Bijay Mohanty (8 April 1950 – 20 July 2020) was an Indian actor in Odia Cinema. He was honored a National Film Award.

Personal life
Early life
Mohanty was born in 1950 at Pandiri, Kendrapara and brought up in Baripada, Mayurbhanj, Odisha. He started acting during his school days while studying at M.K.C High School. After his graduation with BA, he joined the National School of Drama. He passed successfully from the NSD with classmates like Naseeruddin Shah, Raj Babbar, and Om Puri etc. He acted in the theatres and stayed in Delhi up to 1975. After returning to Odisha, he devoted himself to directing plays.

Married life
Bijay was married to Tandra Ray, an actress in the Odia film industry. The couple acted in a number of films opposite each other. They have one daughter.

Career
In 1977, Mohanty started upon his career in the Oriya film industry with the film Chilika Tire which won the National Award for that year. Initially, he opted mostly for negative roles. Naga Phasa, Samay Bada Balaban, Danda Balunga, Sahari Bagha, Chaka Bhaunri, and Chaka Akhi Sabu Dekhuchi are some of his most notable films as this type of character. He acted in almost every manner of roles available to him; ranging from hero, villain, and comedian to character roles etc. In every field he left his incomparable mark.

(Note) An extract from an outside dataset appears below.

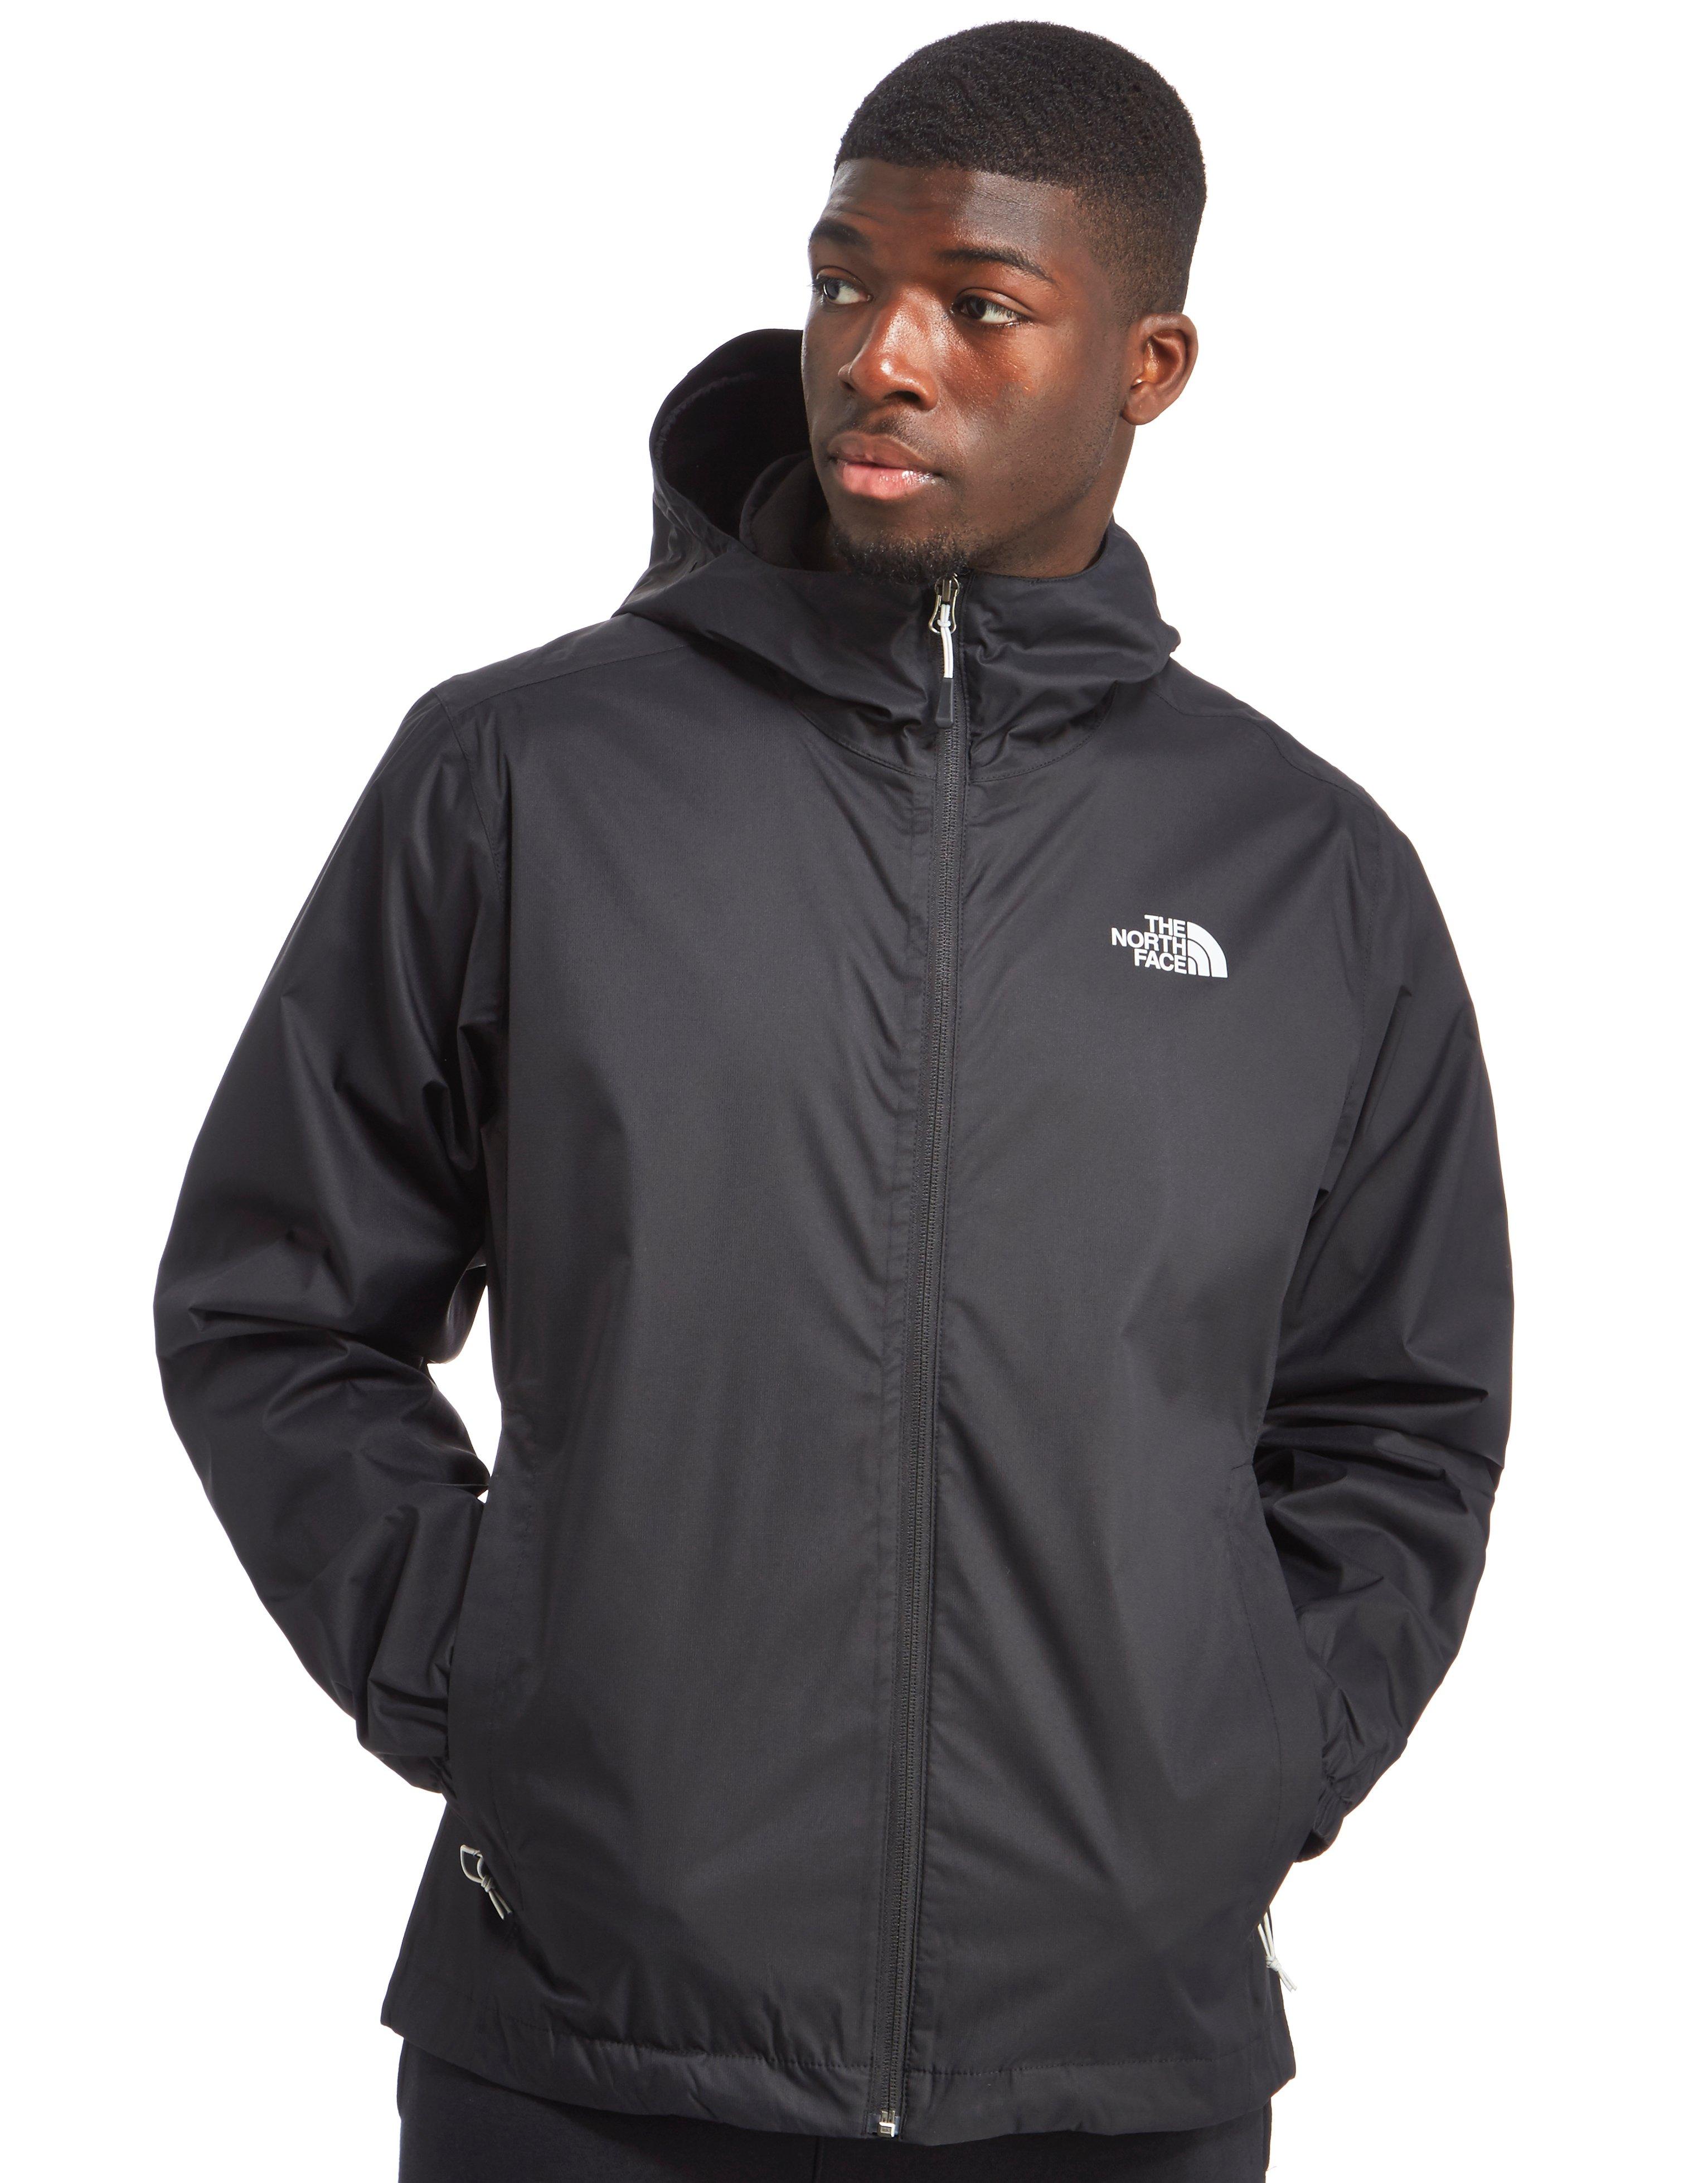 the north face mens down gilet bodywarmer jacket - Marwood ...

Mohanty's other notable films include; Arati (1981), Mamata Mage Mula (1985), Aei Aama Sansara (1986), Aama Ghara Aama Sansara (1991), Ki Heba Sua Posile, Bhisma Pratigya (1993), Bhai Hela Bhagari (1994), Suna Panjuri, Laxman Rekha, Rakhi Bhijigala Akhi Luhare and I Love My India.

He also directed the movie Bhuli Huena.

He joined the Drama department of the Utkal Sangeet Mahavidyalaya in 1977 and retired as a professor from the institute in recent years.

Jugechha, a drama troupe that he formed in his native place of Baripada was a well-known troupe and staged plays in different parts of Odisha as well as throughout the country.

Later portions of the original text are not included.